He looked at her. Suddenly a confusion came over her and she insisted, she knew not why.

“But they are niggers!”

With a sudden impulse she arose and hurriedly lighted the lamp that stood just within the door, and held it above her head. She saw his dark face and curly hair. She shrieked in angry terror and rushed down the path, and just as she rushed down, the black convict came running up with hands outstretched. They met in midpath and before he could stop he had run against her and she fell heavily to earth and lay white and still. Here husband came rushing around the house with a cry and an oath.


Before this conversation, Jesus had met on a country road an escaped black convict that confesses to Jesus the surprising and gladdening words “why, you are a nigger, too” when Jesus reveals himself as mulatto.

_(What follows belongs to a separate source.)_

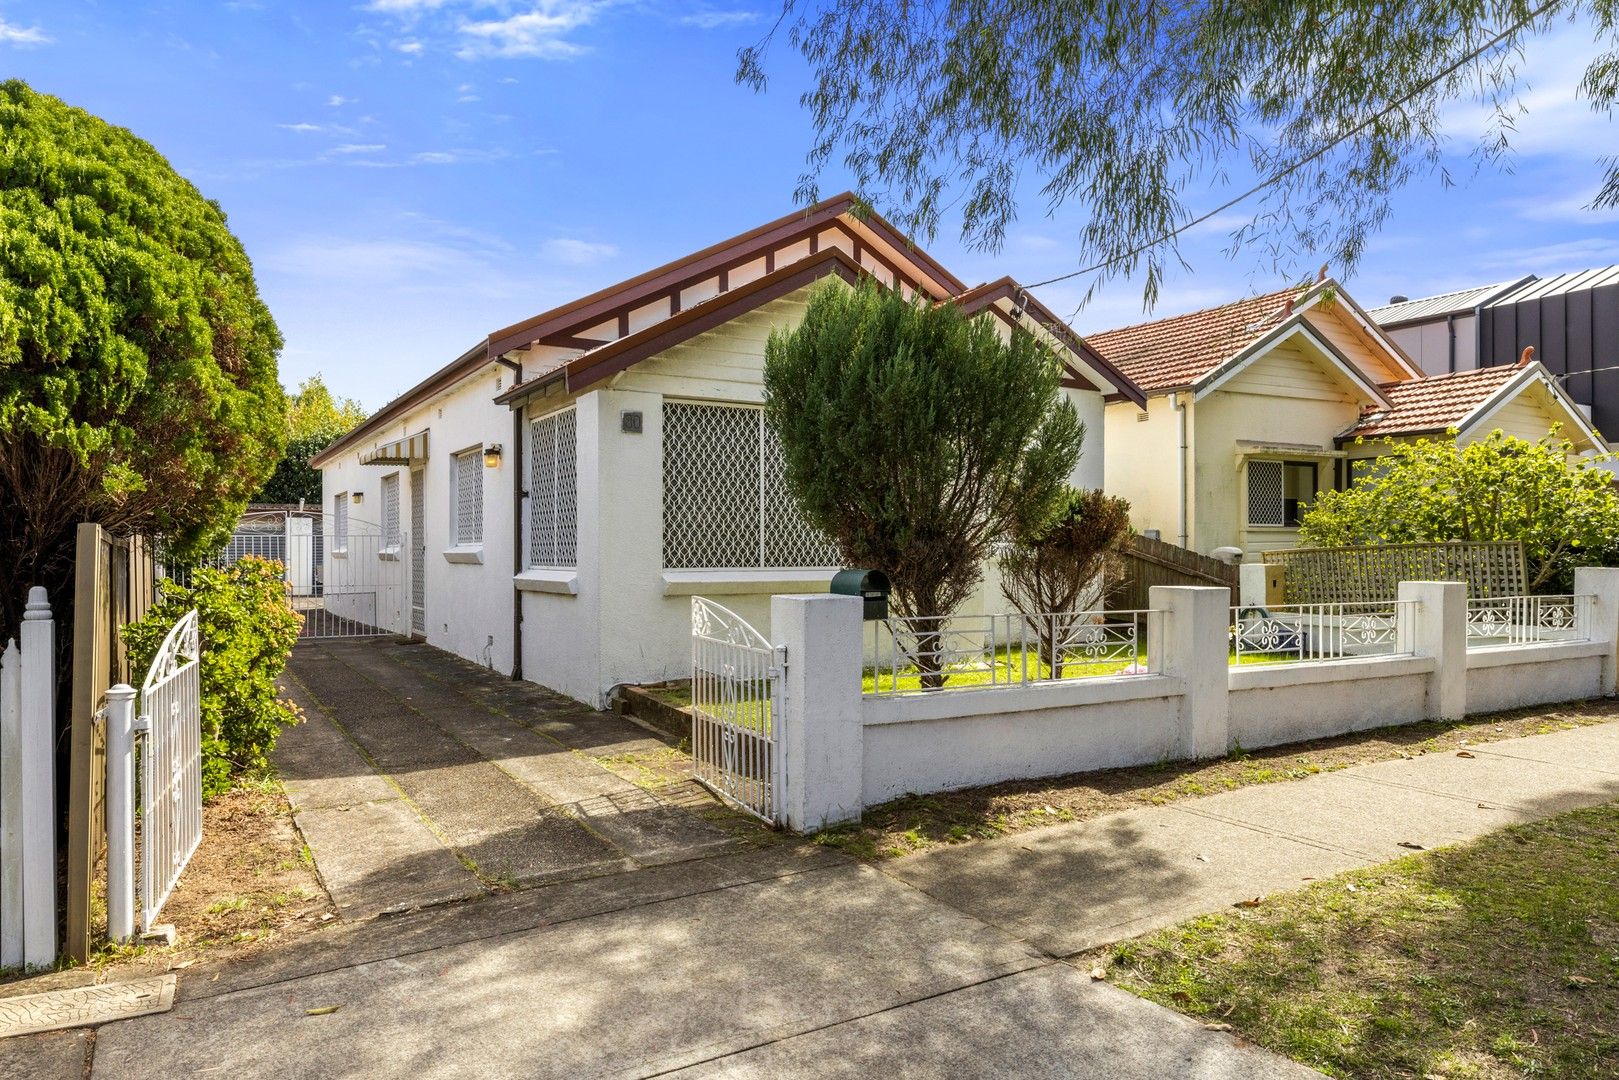 3 bedrooms House in 80 Loch Maree Street MAROUBRA NSW, 2035

The convict has recognized Jesus as he really exists: as the one who has taken the form of a slave, as the one who breaks the chains of oppression and fear and opens our arms to the embrace of God’s reconciling work. The convict, who after talking to Jesus has been working for an exploitative farmer who’s wife is having the conversation with Jesus, sees Jesus talking to the women and runs to embrace him, only to be met in collision with the women fleeing Jesus as she realizes that he is not white. As the two find themselves on the ground, the convict is taken up and lynched by the angry white mob that has been hunting him down. This powerfully captures the grim reality of how a world of whiteness, a world that cannot bear the Jewish flesh that marks Jesus as Other, stands as the false and violent mediator between the world and those for whom Jesus has come to set free. The woman flees from Jesus because she cannot recognize him. She cannot recognize him because he does not fit the mold of who she thinks Jesus ought to be. She cannot recognize Jesus because she does not know how to let him speak for himself, just as she cannot let those in the half-ruined cabin speak for themselves. Everyone—including Jesus—is interpreted through a lens of whiteness that judges identity in terms of white and not white. Because Jesus is assumed to be white (“one of us”), he cannot be recognized for who he really is. In the wake of such misrecognition, those that have been caught on the underside of a white world are met with the force of a whiteness whose reflex in the face of Otherness is either to eliminate it or forcefully manipulate it into its own service.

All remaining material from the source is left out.